# Showing a Wether vs Commercial Doe



## BareCreekFarm

We have started 4-h this year and need to look for a goat. We are wondering if it would be better for us to show a wether or a commercial doe. What are your all's opinions on this? Are kids are going to start being born on April 1st, these would be to young to use for 4-h this year, correct?


----------



## Tenacross

My understanding is date of birth and weights etc vary quite a bit form state to state and even fair/show to show. I would seek out your current or future 4-H advisor and ask them these questions.


----------



## goatnutty

At our fair you can show any babies they are divied into age classes for the does 0-3 months, 3-6 months, and so on...the wethers can be shown at any size but there weight to be actually sold in the auction is a minimum of 50 pound and that is how their classes are divided is by weight. I personally think its hard not to get attached with your firdst show goat and started with a doe, but the wether project makes you money so it could go either way.


----------



## HoosierShadow

I agree, check with your state, because I am sure it varies.
Our kids are showing breeding does, not wethers. But I have heard judges tell some kids that their goats have to be 50lbs. in order to go to state fair, and I 'think' they have to be at least 30lbs to show.

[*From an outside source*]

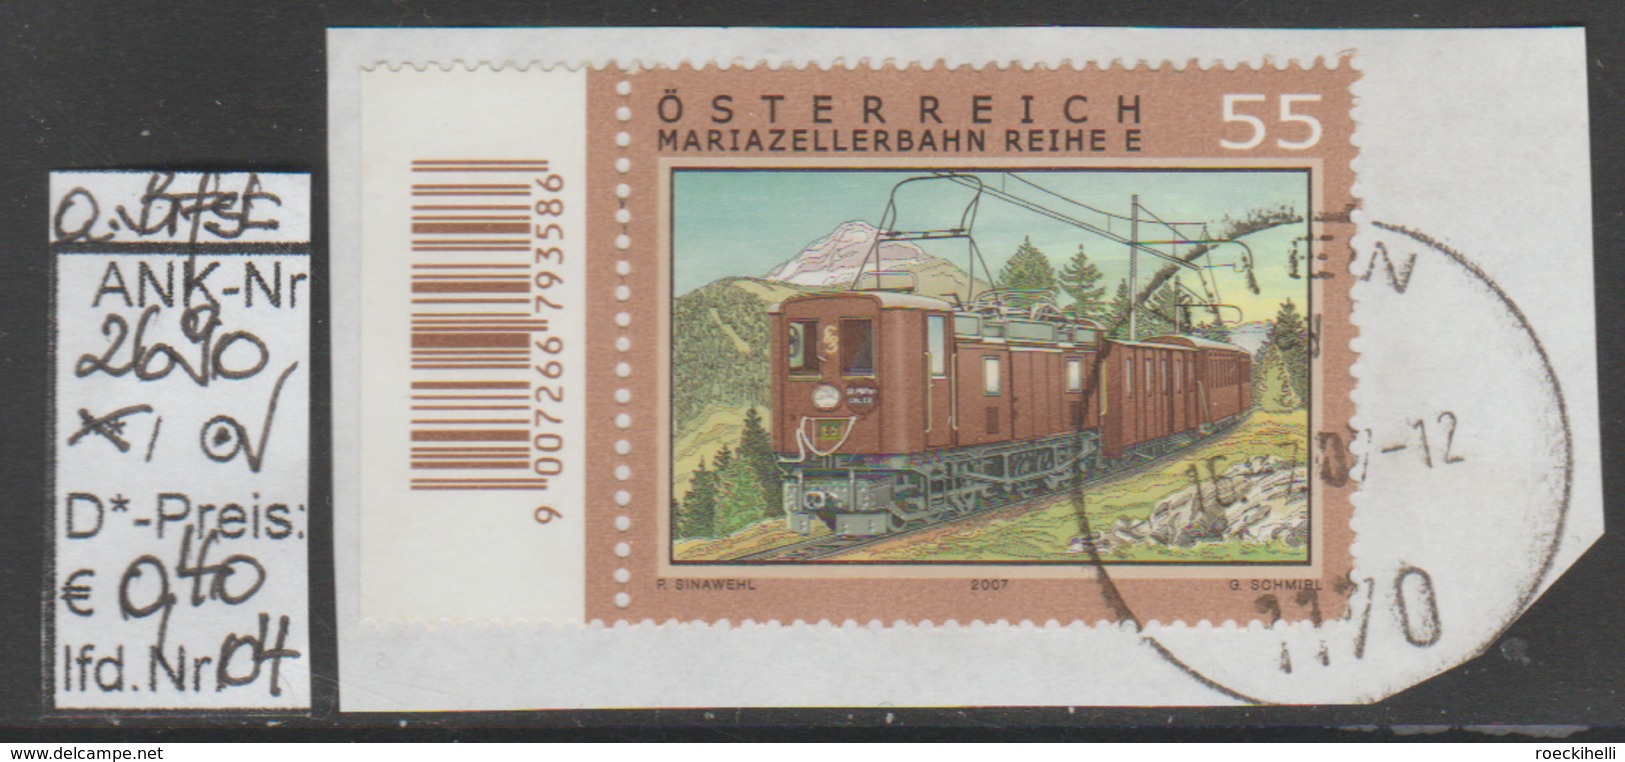 31.5.2007 - SM "Eisenbahnen-100 Jahre Mariazellerbahn" - O Gestempelt Auf Briefstücken - Siehe Scan (2690o 01-04 ABs) - Gebraucht

I am still learning myself on all this stuff, but I'd think if you have goats that tend to throw fast growing kids, you could 'possibly' make due with what you get, but otherwise I'd definitely look for something. Nice thing about a commercial doe is, unless she was really unsound/bad teats/etc. you can keep her and use her for breeding opposed to selling her for meat.
If she is not being considered a commercial breeding doe, she'd be shown with/against the wethers. But they do have commercial breeding doe classes at a lot of the fairs here.


----------



## BareCreekFarm

So, if we get commercial does we could show them either in a market class (with the wethers) or we can show them in a commercial doe class? Is there any advantage to showing in the commercial doe class vs the market goat class?


----------



## brbn

Like what the others have said this would have to be answered by your county extention adgent, ffa or 4-H advisor. Some fairs let you show either wethers or does in the market class some say only wethers are aloud. At our fair the market goats are the only ones that get to sell at the auction at the end of the fair and the does shown in the doe classes go home. Our fair lets you show comertial does in the doe class but they have to have a scrapie tag in there ear. What State and county will you be showing at?
Anna


----------



## BareCreekFarm

The Kentucky State Fair, and some of the county fairs(not sure which yet).


----------



## goatnutty

In our you can show a doe in a market class if you dont want to keep her for some reason. In the doe classes they focus more on the structure and correctness for a future producer, rather than muscling for product. It might help you see her faults and if she is a good addition to your breeding animals or not. Just a thought..


----------



## naturalgoats

OT I know... but I love the goat in your avatar barecreekfarm!


----------



## HoosierShadow

Okay, now I know your in KY.
In our state they are a little more 'strict' I guess than other states, like Indiana for example.

4-H goats are:
wethers/commercial does for market

Breeding stock does - registered percentage and fullbloods

That's it for 4-H in our state.

Now, when showing in the fairs, they do have other classes your kids can show in as well.
registered bucks, does and percentage does
Commercial does - breeding stock quality does who aren't registered

Do you know that your goat will have to have the KUIP tag and health certificate if it's a market animal or commercial animal? 
Here is a link to the dates/places for that:
http://www.kyagr.com/marketing/fair/doc ... og_001.pdf

Even though my kids are showing registered percentage/fullblood doelings we'll go to a validation site on that list to get the health certificates for them.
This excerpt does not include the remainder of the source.